Turkey Meatballs with Lemon Rosemary Sauce
These turkey meatballs are juicy, tender, and bathed in a light, crisp, and citrusy lemon rosemary sauce. These meatballs go perfectly with buttered egg noodles, couscous, or rice.
Prep Time15 minutes mins
Cook Time15 minutes mins
Course: Main Course
Cuisine: American
Keyword: Turkey Meatballs
Servings: 18 meatballs
Turkey Meatballs
- 1 lb 93% lean ground turkey
- ½ c yellow onion, finely diced
- ½ c panko bread crumbs
- ¼ c fresh parsley, minced
- 4 garlic cloves, minced
- 1 egg
- ¼ tsp sea salt
- ⅛ tsp cracked black pepper
- ½ Tbsp avocado oil
Lemon Rosemary Pan Sauce
- 2 Tbsp vegan or low-fat butter
- 2 garlic cloves, minced
- 2 lemons, juiced and zested
- ¼ c low sodium chicken broth
- ¼ c dry white wine
- 1 tsp dried rosemary
- ½ tsp dried thyme
- 2 Tbsp fresh parsley, minced (garnish)
In a large mixing bowl combine the turkey meatball ingredients.

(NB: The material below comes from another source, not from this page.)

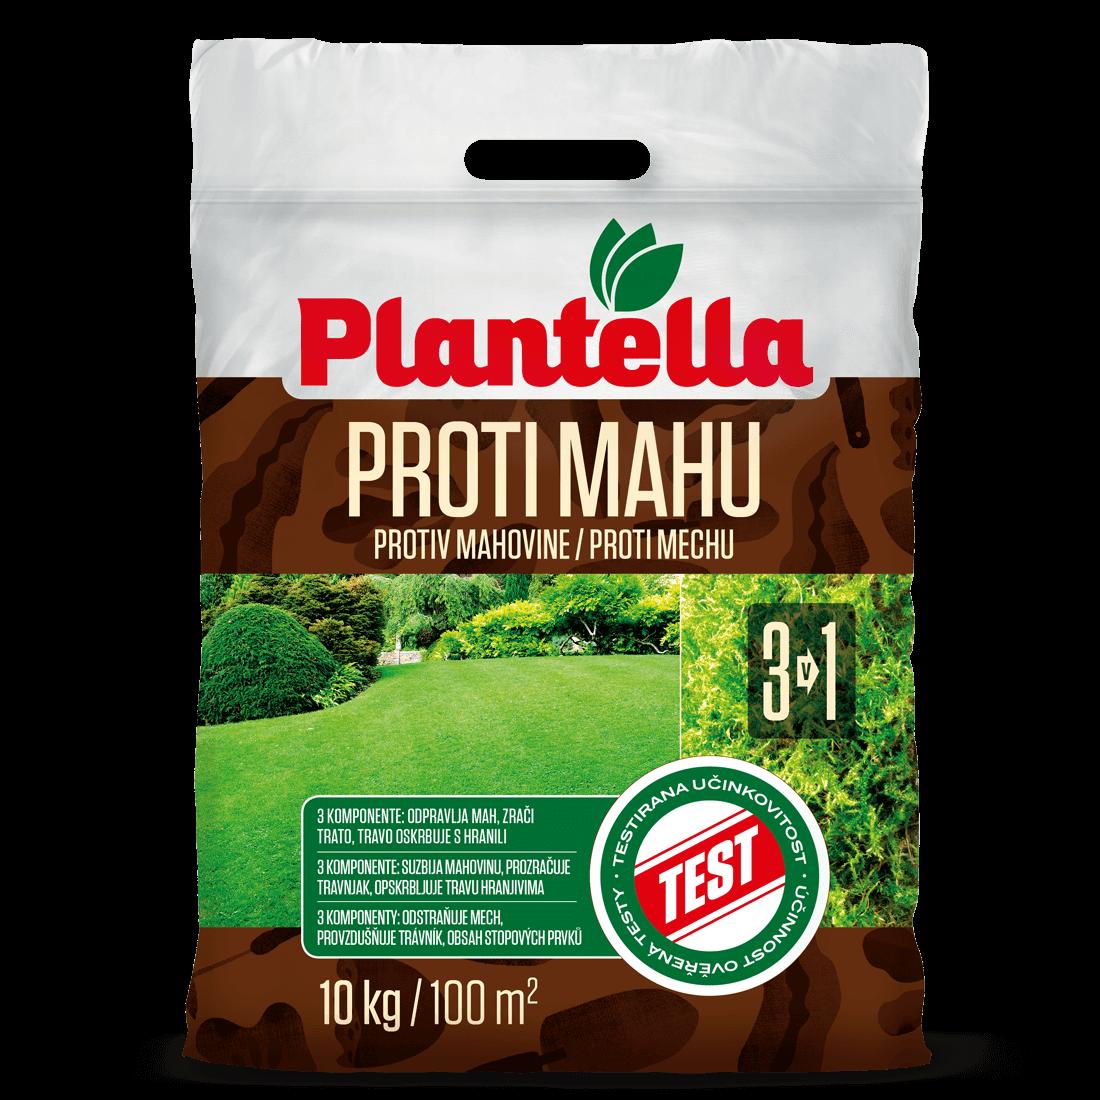 Plantella_Proti-mahu_10kg_SI-HR-CZ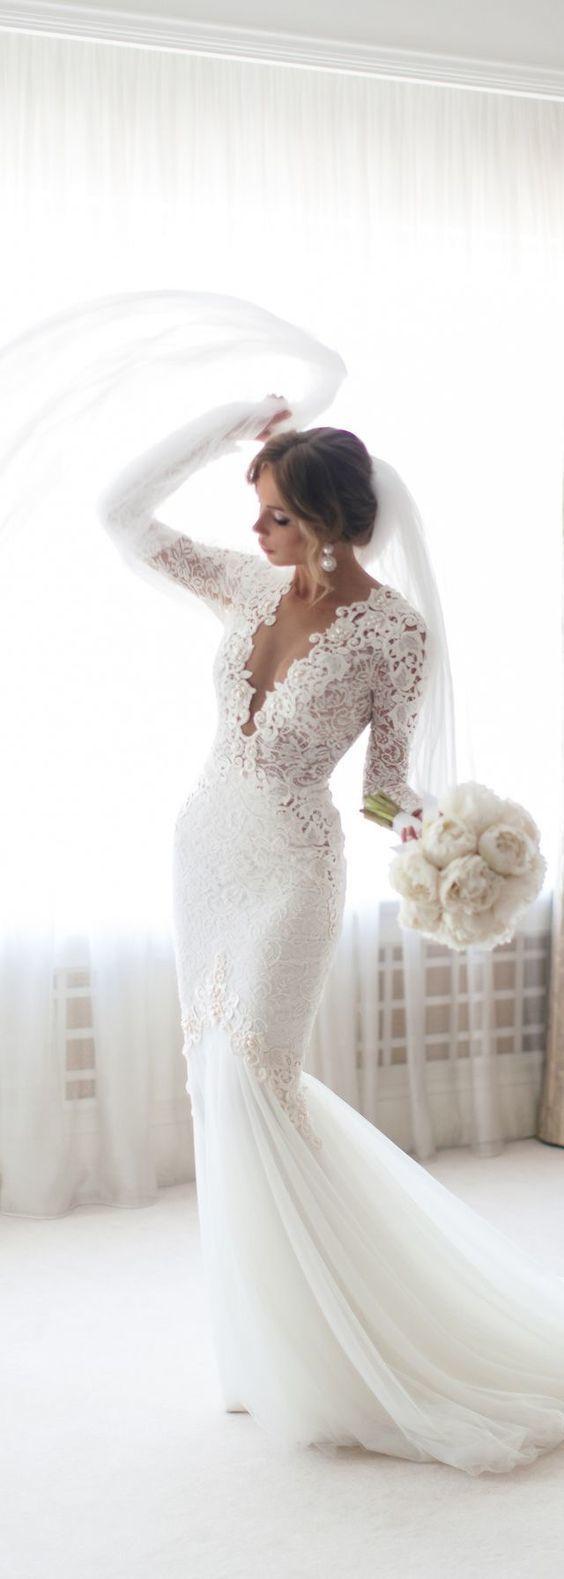 Mermaid Wedding Dress lace wedding gowns sexy wedding dresses – Karin Krepstakies

Mix well to incorporate. Use your hand or a spoon to form 18 rounded meatballs. Place the meatballs on a plate and cover with plastic wrap. Refrigerate for a minimum of 15 minutes, or up to 1 hour. This will help the meatballs retain their shape when cooked.
While the meatballs refrigerate, juice and zest the lemons. Combine the lemon juice, lemon zest, chicken broth, white wine, dried rosemary and dried thyme in a small bowl and mix together. Set aside.
Heat the avocado oil over medium-high heat in a nonstick pan. Once the oil is warm, add the meatballs to the pan. Cook undisturbed on one side for 4 minutes, or until browned. Use a spoon to turn the meatballs over. Reduce the heat to medium and cover the pan with a lid. Cook the meatballs another 4 minutes. Turn the meatballs again. Cover and cook an additional 1 to 2 minutes, or until no longer pink when cut through. Transfer the cooked meatballs to a plate and tent with foil to keep warm.
Melt the butter in the same pan that the meatballs were cooked in. Add the garlic and saute for 1 minute. Pour in the lemon broth and use a wooden spoon to scrape up the browned bits of meat. Cook the sauce over medium heat for 3 to 4 minutes, or until the liquid is reduced by about a third.
Add the meatballs back to the pan and spoon sauce over them. Warm covered on low heat for 1 to 2 minutes. Remove from heat and serve.